The office of San Francisco Mayor London Breed said Wednesday it is "unfortunate" that Osaka city has decided to terminate a sister-city relationship over a statue symbolizing Asian "comfort women" forced into wartime brothels for the Japanese military.

"It is unfortunate that (Osaka) Mayor (Hirofumi) Yoshimura no longer wishes to maintain ties between the governments of San Francisco and Osaka," Jeff Cretan, communications director for Breed, said in a statement.

The San Francisco mayor's office received Tuesday a 10-page letter from Yoshimura giving notification of the termination before what would have been the 61st anniversary of the sister-city relationship.

"We will remain sister cities via the people-to-people ties maintained by our San Francisco-Osaka Sister City Committee and their counterparts in Osaka," Cretan said.

Breed's predecessor Edwin Lee, who died of a heart attack last December, accepted weeks before his death the Women's Column of Strength statue in San Francisco's Chinatown, which depicts three girls -- Chinese, Korean and Filipino, respectively -- holding hands.
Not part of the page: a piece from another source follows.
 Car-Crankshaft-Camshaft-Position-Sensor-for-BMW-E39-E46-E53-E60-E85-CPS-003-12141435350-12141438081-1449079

The memorial established in September last year by a local private organization and donated to the San Francisco government pays tribute to women and girls forced to work in brothels for the Japanese military before and during World War II.
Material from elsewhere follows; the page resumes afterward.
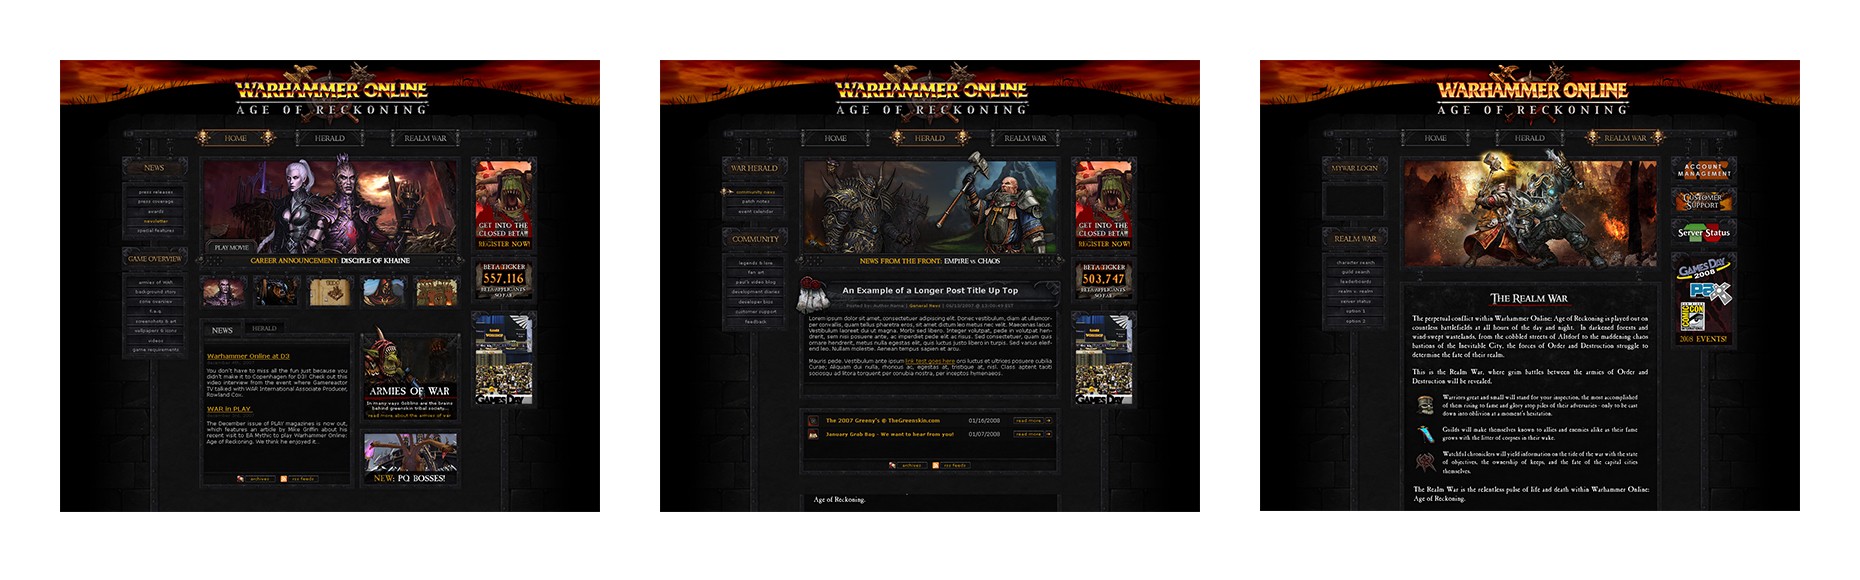 Case Study: Warhammer Online

Yoshimura said in the letter it was "solemnly disappointing" when Lee signed a document formalizing the city's acceptance of the statue in November last year.

The decision was made despite the Osaka mayor's repeated requests not to accept the memorial. Yoshimura had said the statue's inscription bore uncertain and "one-sided" claims about the extent of the Japanese military's involvement in the brothels and the degree of the damage inflicted.

In December, Yoshimura announced his decision to dissolve the ties between the two cities, but postponed formalizing the termination after the unexpected death of Lee. The western Japan city had asked about the new San Francisco mayor's policy on the statue and requested a reply by the end of September.

The notification was sent as Breed had made no response by the deadline, according to the Osaka city government.

In September, the organization that set up the statue celebrated the first anniversary of its establishment, with citizens of Osaka among those in attendance.

Since the San Francisco Board of Supervisors drafted a resolution to build a monument for comfort women in August 2015, Yoshimura and his predecessor Toru Hashimoto have sent nearly 10 letters to the U.S. city denouncing the memorial.

San Francisco is the first major U.S. city to install a memorial dedicated to comfort women. Across the country, similar statues have been erected in the Southern California city of Glendale, Brookhaven in Georgia and Fairfax County in Virginia among other locations.